Whose responsibility was it to search the witnesses’ computers? In this case, Qualcomm had handled all of the document collection. But was the senior associate required to supervise and/or audit the company’s collection work? According to the Magistrate, the answer is yes. The associate who prepared and defended the witnesses was responsible for making sure that his superiors or their client properly checked the witnesses’ computers. It was not enough that he had raised concerns about the thoroughness of Qualcomm’s document production. According to the Magistrate:

"If the associate was unable to get Qualcomm to conduct the type of search he deemed necessary to verify the adequacy of the document search and production, then he should have obtained the assistance of supervising or senior attorneys. If [the partners] were unable to get Qualcomm to conduct a competent and thorough document search, they should have withdrawn from the case or taken other action to ensure production of the evidence.”

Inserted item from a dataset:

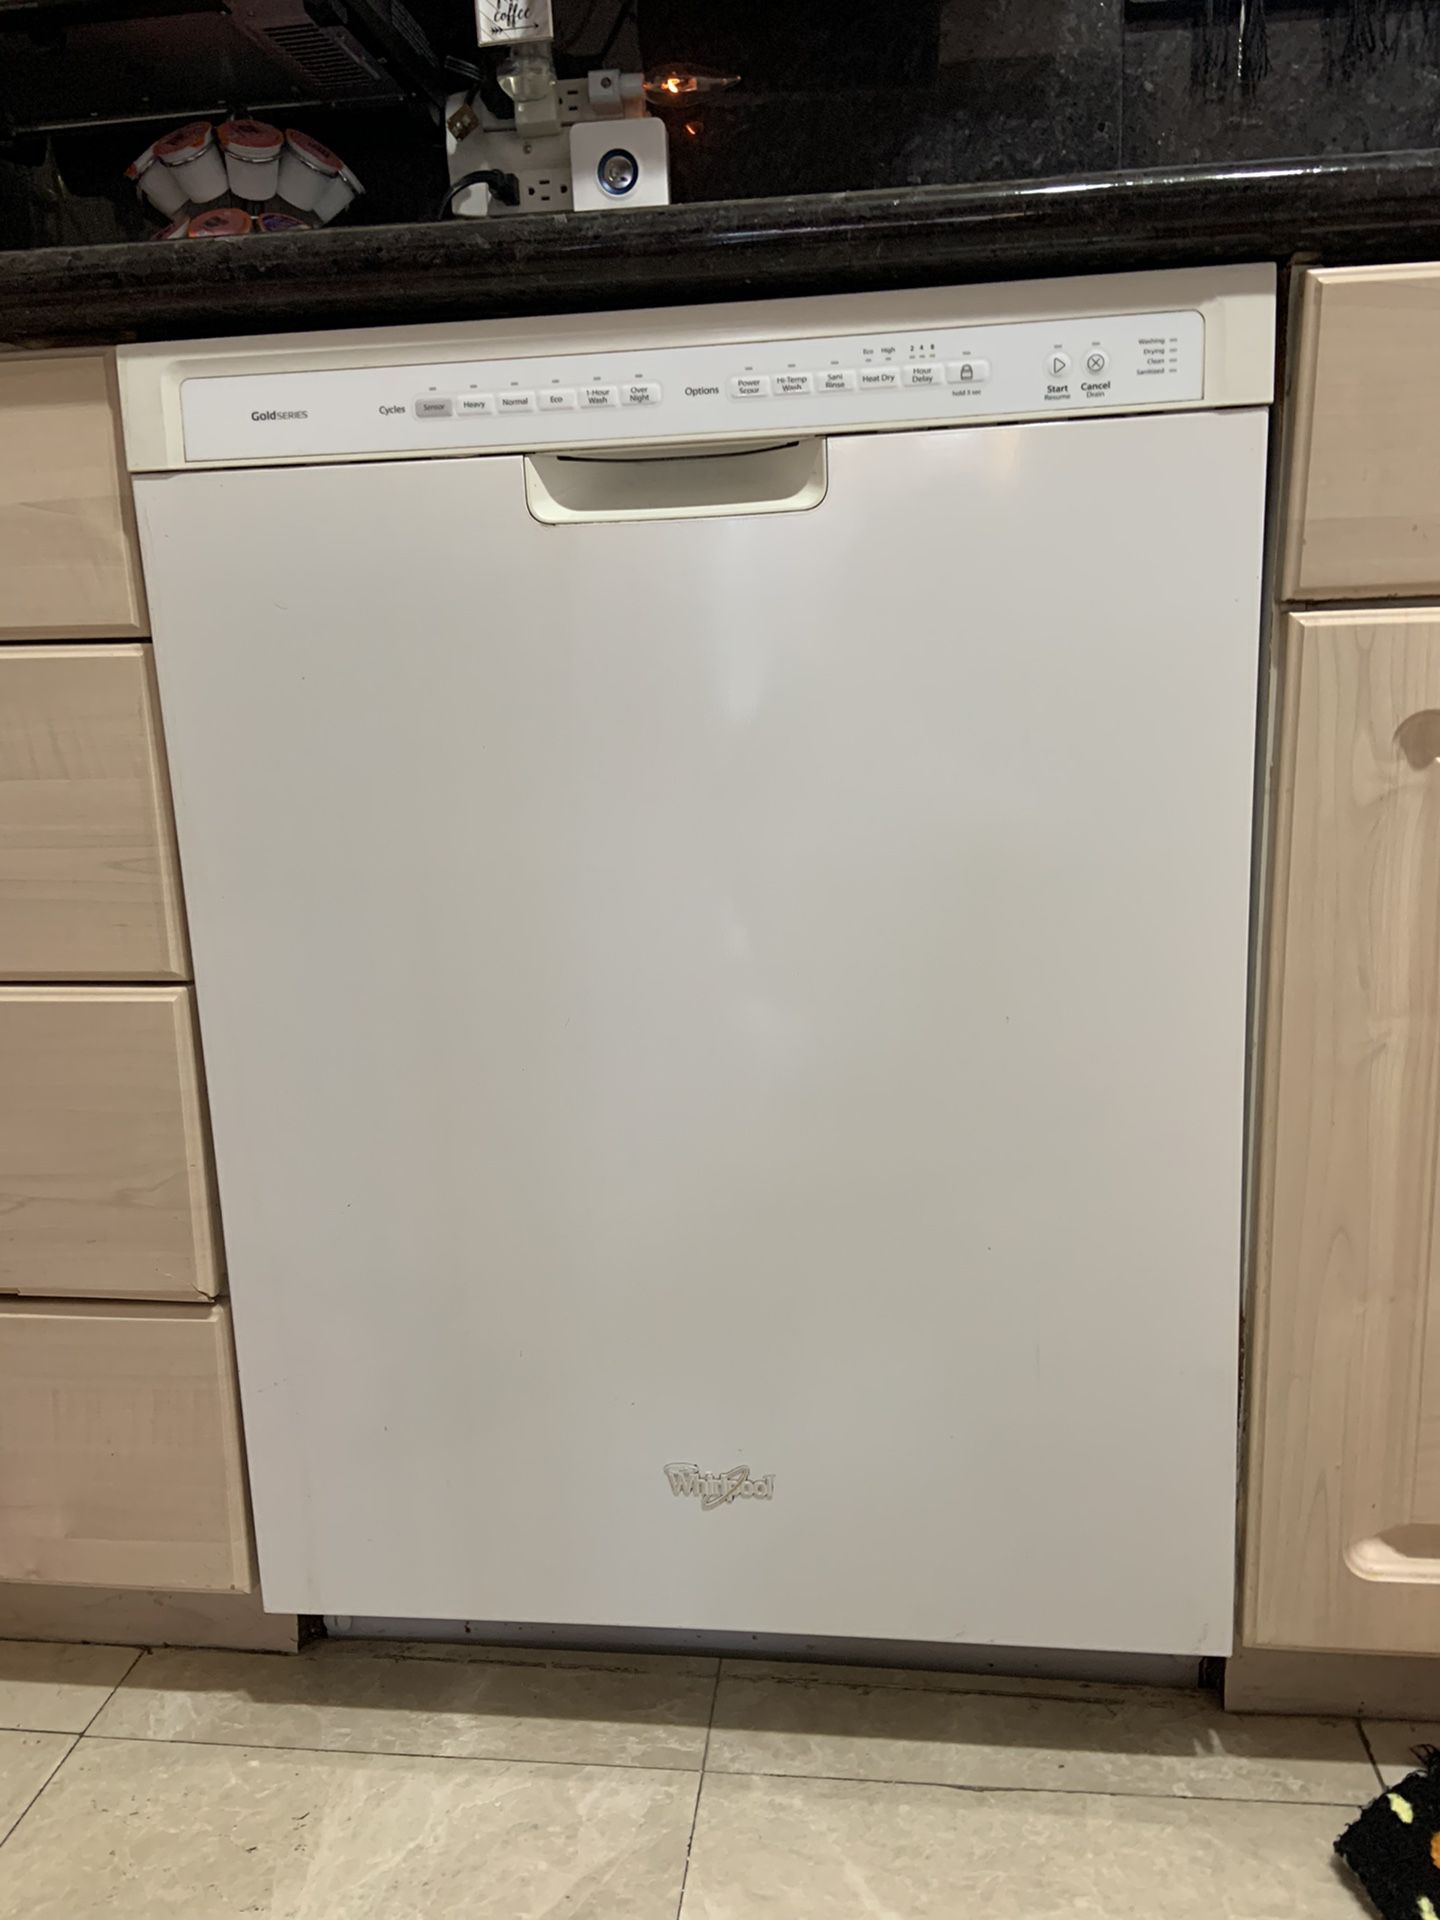 Whirlpool dishwasher top of the line myself getting new appliances never used it but maybe 10 times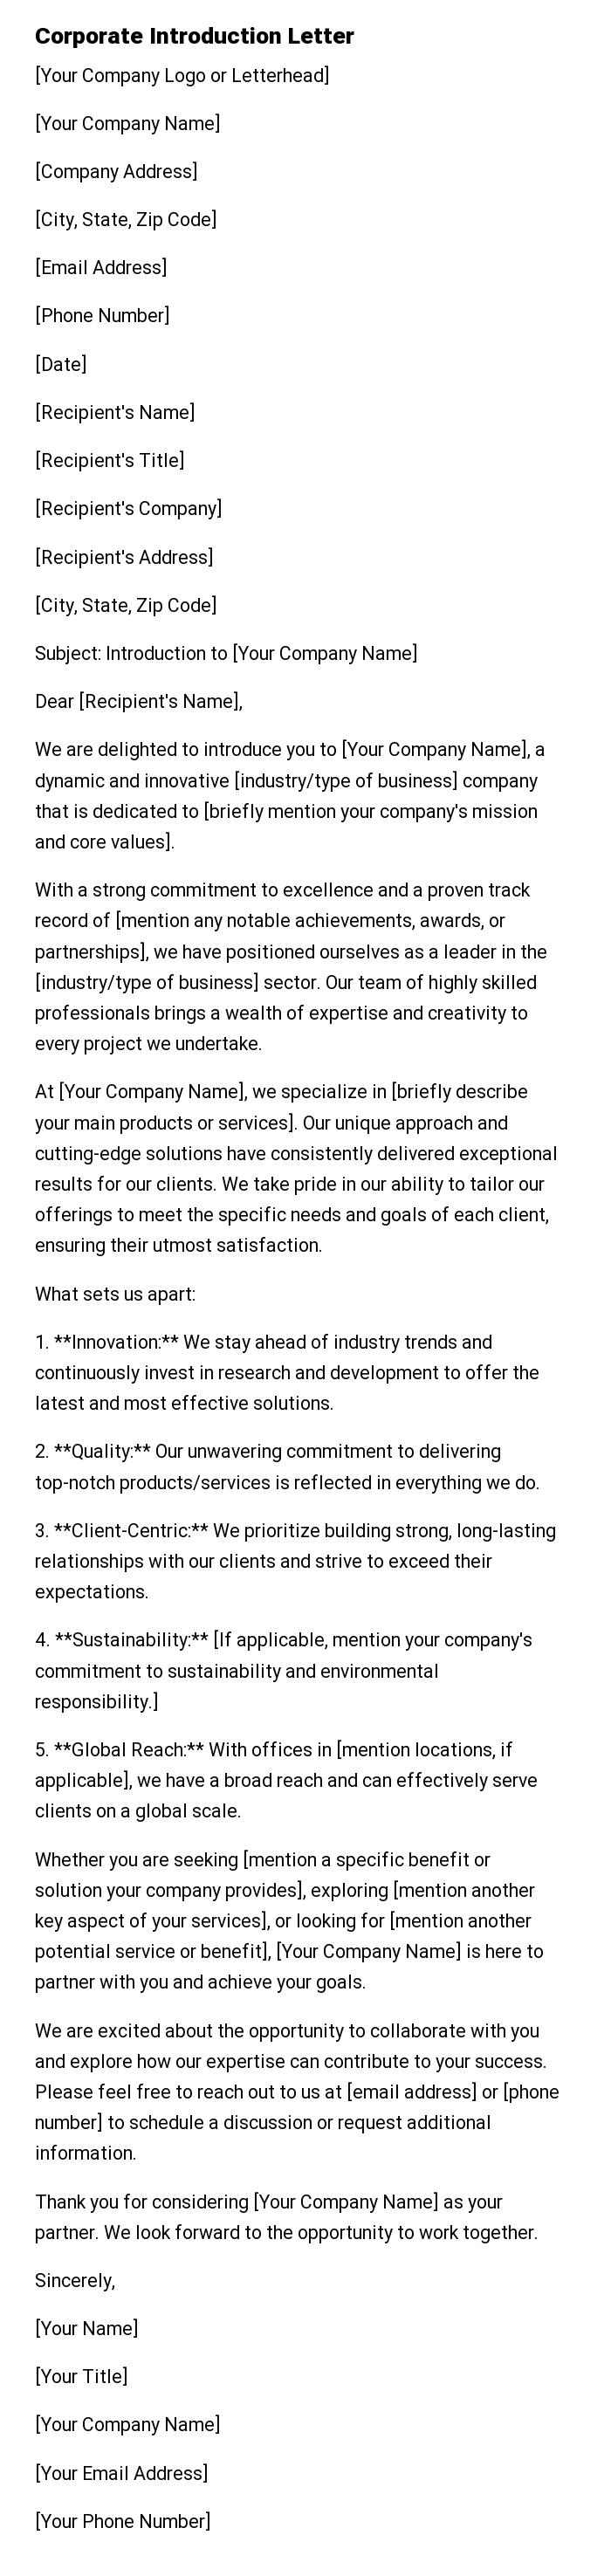 Corporate Introduction Letter

One of the most important lessons of the Qualcomm decision is that outside counsel cannot rely entirely on their client’s IT people to perform the correct searches and collect all the relevant documents. All attorneys, even associates, have an obligation to make sure the type of search necessary to verify the adequacy of a document search has been conducted.

The second and most unnerving consequence of the Qualcomm decision involves the associate/partner hierarchy. The reality of life in most law firms is that associates, especially the junior ones, are often uninvolved in the “big picture” strategy of a case, are not privy to high-level attorney or client communications, and sometimes may not even know whether a disclosure is relevant to potential trial testimony. None of this mattered to the Qualcomm Magistrate, who sanctioned two associates for following the decisions of their superiors.

In Qualcomm, a second year associate preparing a witness for trial inadvertently discovered 21 emails on the witness’ computer that directly contradicted Qualcomm’s main defense. None of the emails had been produced in discovery. The associate immediately told his supervising attorneys, who decided, erroneously, that they did not fall within the documents requested by the defendant.

The Magistrate sanctioned the associate anyway. The fact that he had reported the problem to his superiors did not relieve him of responsibility for following their decisions, nor did the fact that the Qualcomm litigation was the first case he had ever worked as an attorney. Since the associate knew or should have known that the emails contradicted Qualcomm’s trial arguments, he had an obligation to make sure they were produced. At the very least, the Magistrate noted, the emails should have prompted the associate to conduct a comprehensive document search, which would have revealed the inadequacy of Qualcomm’s search and other suppressed documents. The fact that the attorney was a second year associate did not exempt him from his obligations under Rule 26(g).

Model Rule of Professional Responsibility 5.2 protects subordinate lawyers who act “in accordance with a supervisory lawyer’s reasonable resolution of an arguable question of professional duty.” But under Qualcomm, reporting up the chain of command may not always be enough. If a partner’s decisions are unreasonable, an associate, like the second year sanctioned in Qualcomm, must also discharge his or her professional obligations to the extent possible.